<<<<

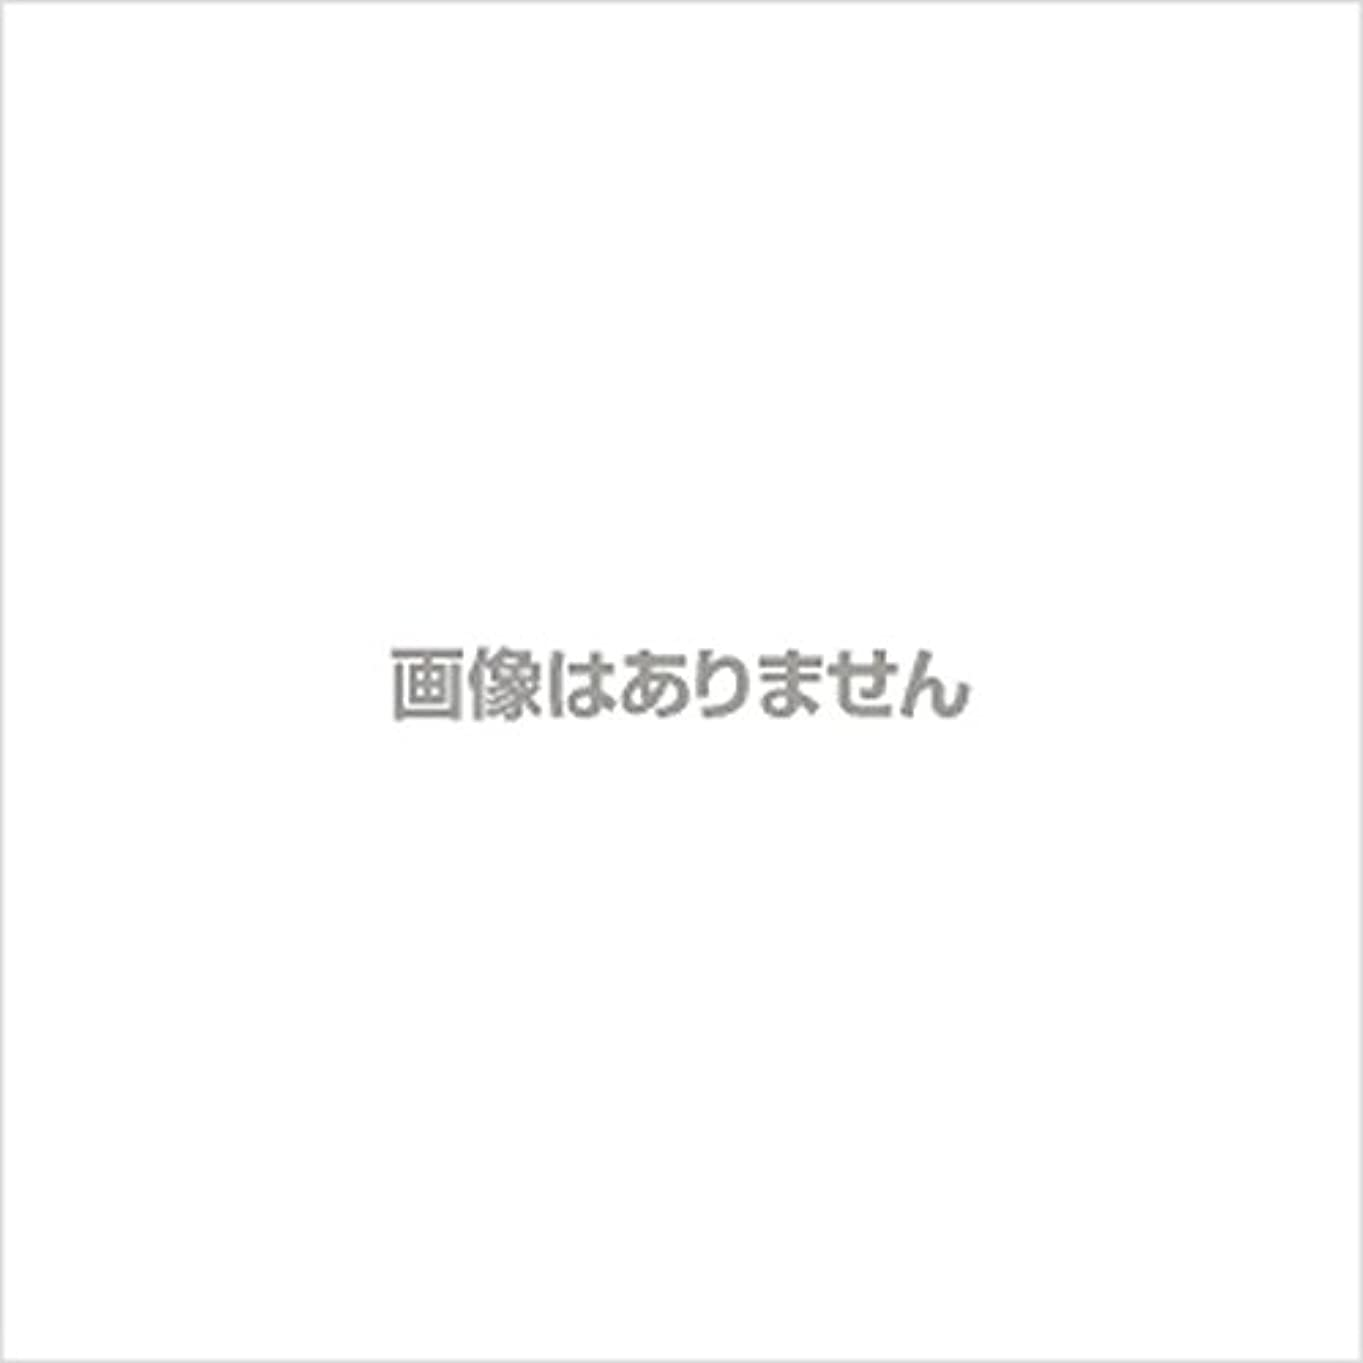 ふくろうリーン並外れてニュージャスト ヘルパーグローブ L(500枚入) 【商品コード】4010500
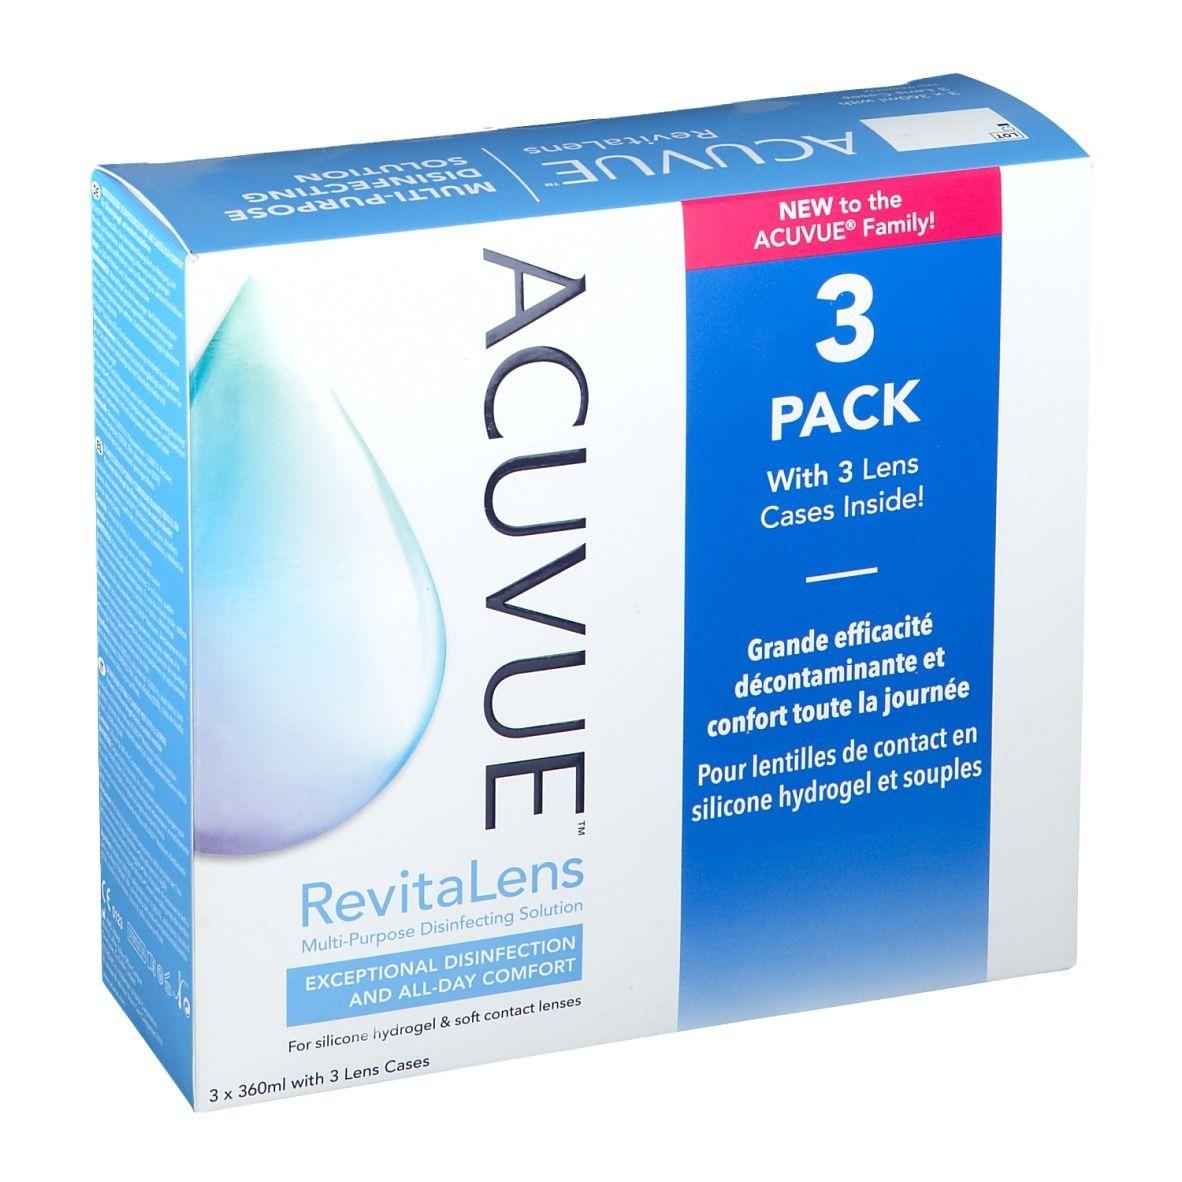 ACUVUE™ RevitaLens Trio + 3 Lense Cases
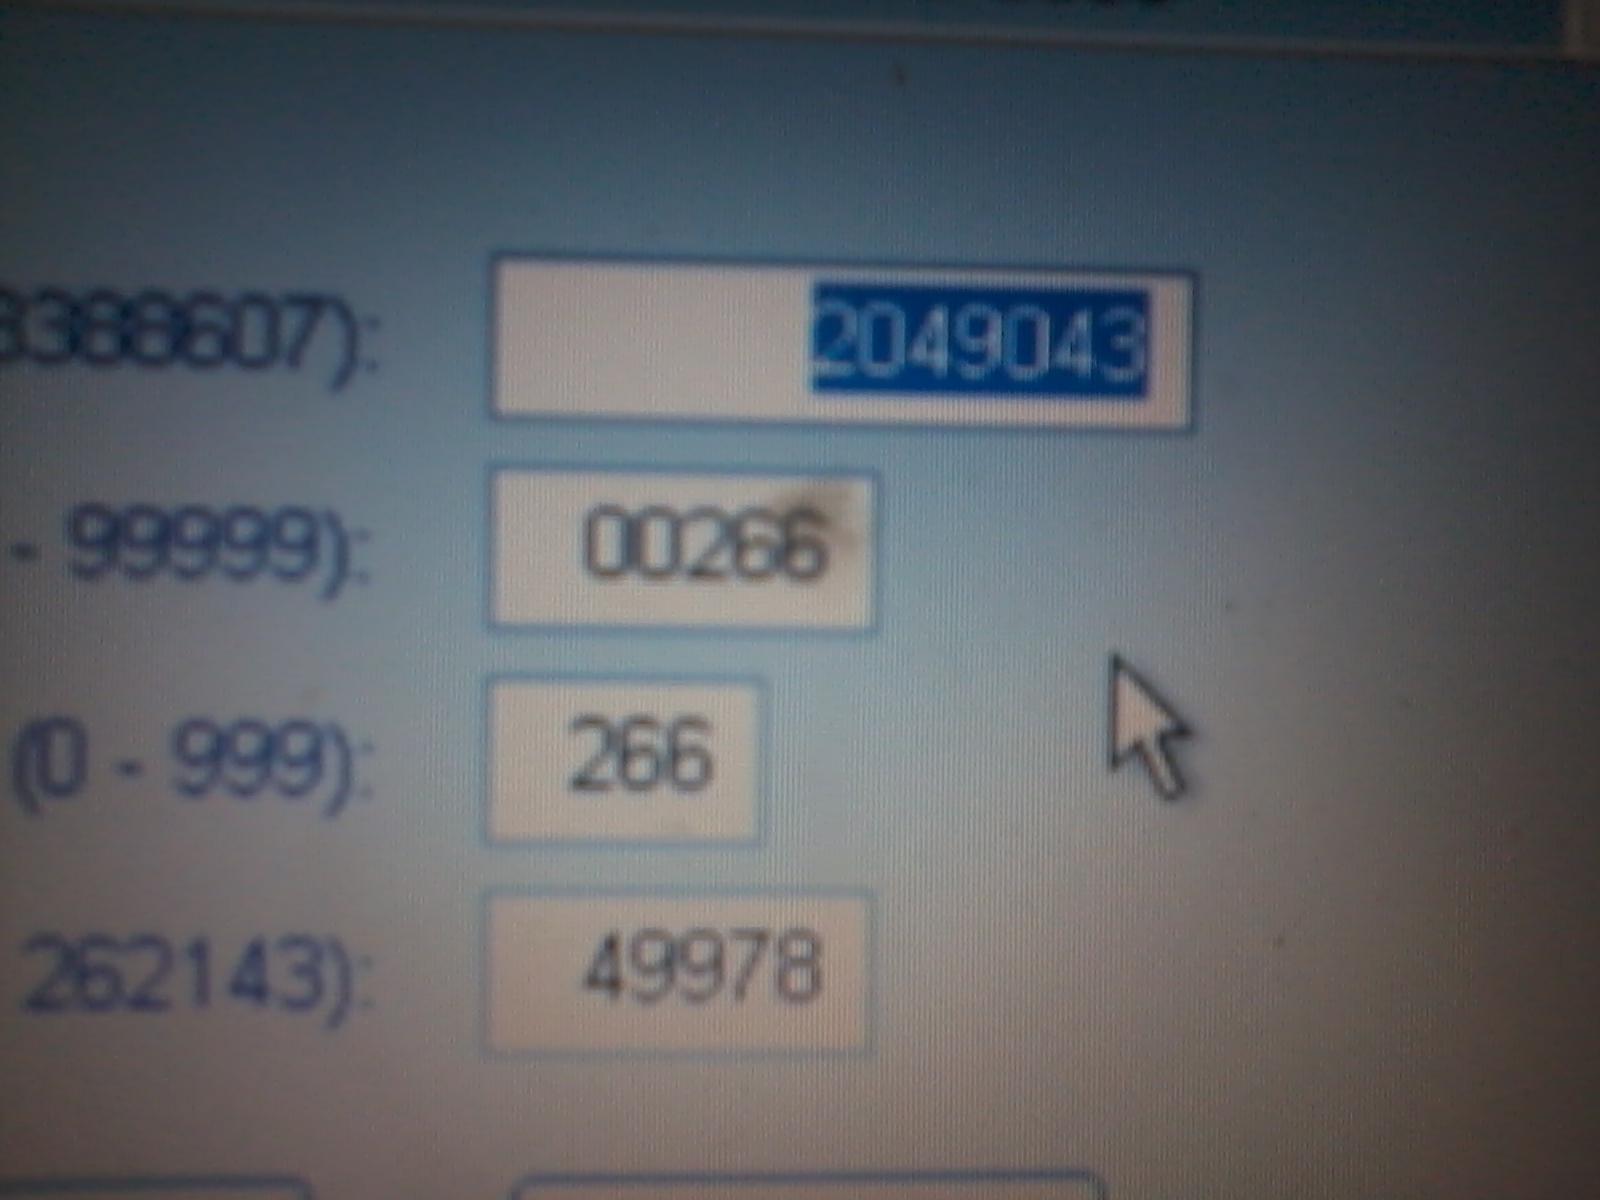 audi a6 2007 - kodowanie vcds kontrolka zuzycia klockow off

>>>>

▶ Exercise
Leave the pictures out and copy the rest of the data exactly.

▶ Answer space
 ふくろうリーン並外れてニュージャスト ヘルパーグローブ L(500枚入) 【商品コード】4010500
 ACUVUE™ RevitaLens Trio + 3 Lense Cases
 audi a6 2007 - kodowanie vcds kontrolka zuzycia klockow off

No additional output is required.